Africans vulnerable to climate change due dependency on rain-fed agriculture- Malawi Minister

Malawi Minister of Environment and Climate Change Management Halima Daudi has attributed East and Southern Africans vulnerability to climate change to heavy dependence on rain-fed subsistence agriculture for livelihoods and on wood energy for cooking and heating.

The Minister made the remarks at the Southern Voices on Climate Change, East and Southern Africa Regional workshop being held at Sunbird Nkopola Lodge in Mangochi on Tuesday when she officially opened the workshop which ends Thursday.

The theme of the workshop is Linking local experiences with policy processes in climate change.

“It is therefore pleasing to note that this workshop will focus on adaptation, sustainable energy and community forestry all of which are critical in reducing the vulnerability of our communities to the impacts of climate change,” stated Daudi.

Minister Daudi with workshop participants in Mangochi on Tuesday

Minister Daudi with workshop participants in Mangochi on Tuesday

Daudi told delegates from nine countries attending the workshop that the Malawi Government is committed to the fight against climate change saying there are several steps undertaken in the management at policy and local level.

Participants to the workshop have been drawn from Malawi, Mozambique, Zambia, Zimbabwe, Tanzania, Kenya, Uganda and Ethiopia.

To show Malawi’s commitment to fight climate change, Daudi said Malawi has developed the National Adaptation Programme of Action (NAPA) whose implementation is underway adding that Malawi has also formed the National Technical Committee on Climate Change which provides technical oversight to the implementation of national programmes and initiatives.

“Currently the Government of Malawi is developing a National Climate Change Policy and a National Climate Change Investment Plan to guide effectiveness to climate change in Malawi. Plans are also underway to develop a National Adaptation Plan as a framework for addressing medium to long term adaptation needs of our country.

Secretary General of the Pan African Climate Justice Alliance (Pacja) Mithika Mwenda said Africa is confronted by climate change which is threatening livelihoods of many people.

“Millions are suffering in silence. Wells are drying up. About 250 million Africans will be exposed to water stress by 2020. Agricultural production will shrink by 50 percent,” said Mwenda.

Chairperson of the civil society network on climate change in Malawi Melton Luhanga thanked Pacja for mobilizing and financing participation of delegates at the workshop which is aimed at bridging the gap between local experiences and policy.

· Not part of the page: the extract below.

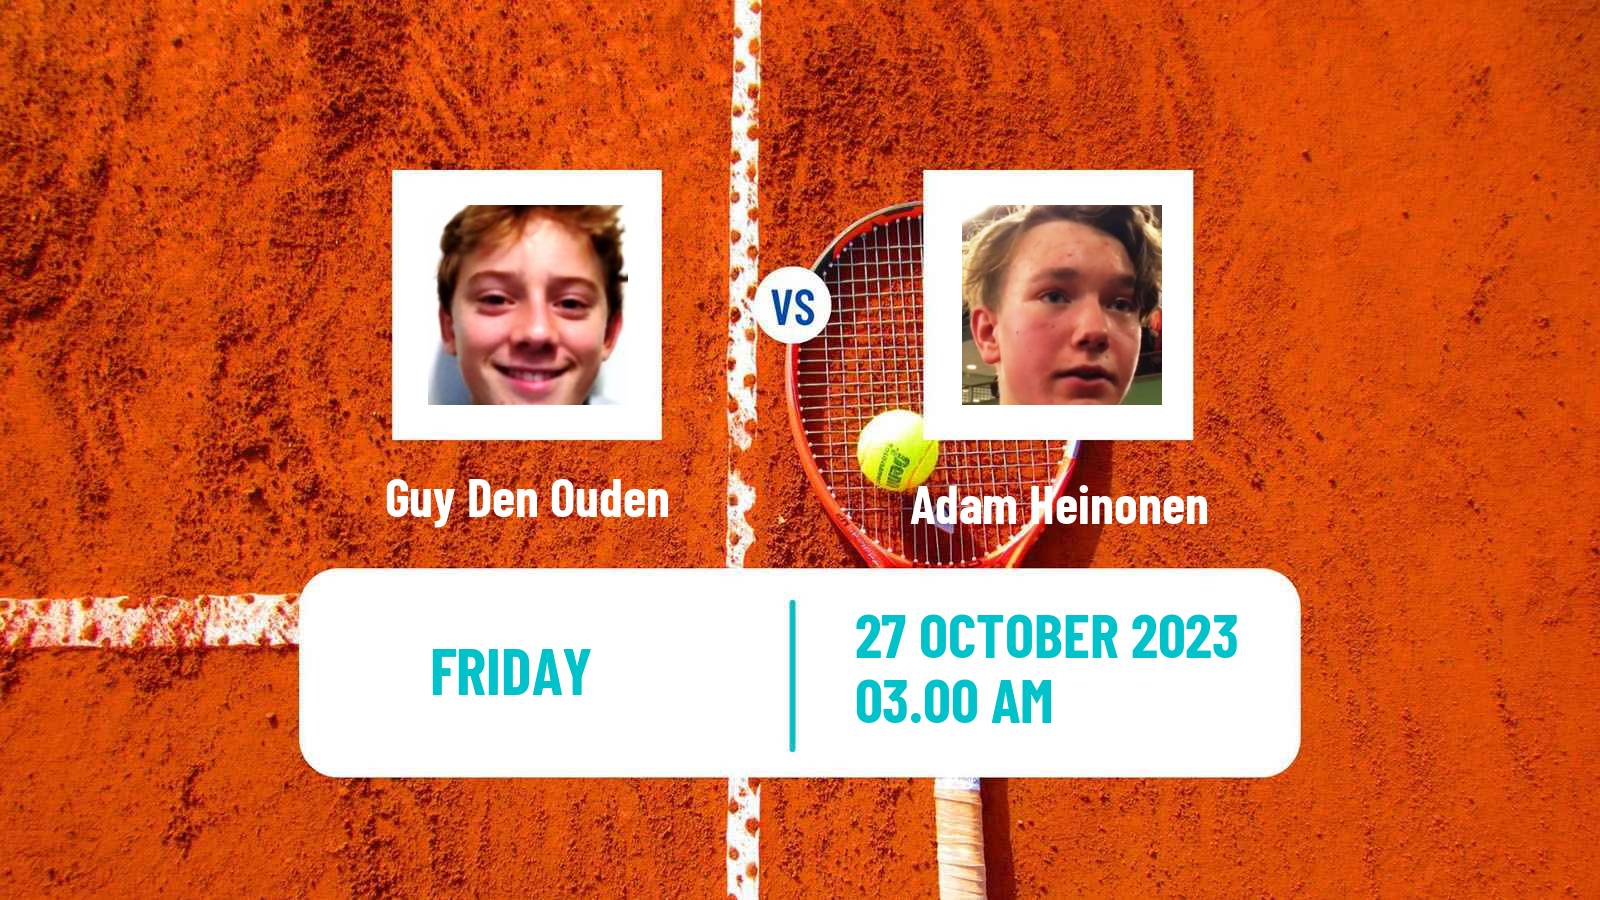 Tennis ITF M15 Heraklion 4 Men Guy Den Ouden - Adam Heinonen

Outlining the objectives, Luhanga said the workshop will enhance participants understanding of the links between policy and advocacy and community level activities; share experiences and lessons and identify opportunities from adaptation, sustainable energy and community forestry in relation to policy and planning in the region.

“This is the reason we have brought climate change and environmental practitioners from nine countries of East and Southern Africa to share knowledge, experiences and ideas.

Climate change focal person and Dan Church Aid representative Agnes  Nyirenda said since the failure of the United Nations Framework Convention on Climate Change (UNFCCC) climate change talks to reach an ambitious global climate agreement at COP15  in Copenhagen, in Denmark southern civil society organisations and networks have continued to mobilise and increase their efforts to generate greater stronger attention and influence climate negotiations and policies at the internal level and increasingly also at national level.

She said a consortium of five Danish and two international non-governmental organisations established after the COP15 are supporting the Southern Voices on Climate Change Programme, coordinated by CARE Denmark.

She said the regional workshop will be a success and will contribute to the agenda of southern voices which is promoting environmental integrity and sustainable development that benefits poor and vulnerable people.

“We believe that in working together in solidarity there is power and we can positively change the world and our communities,” concluded Nyirenda.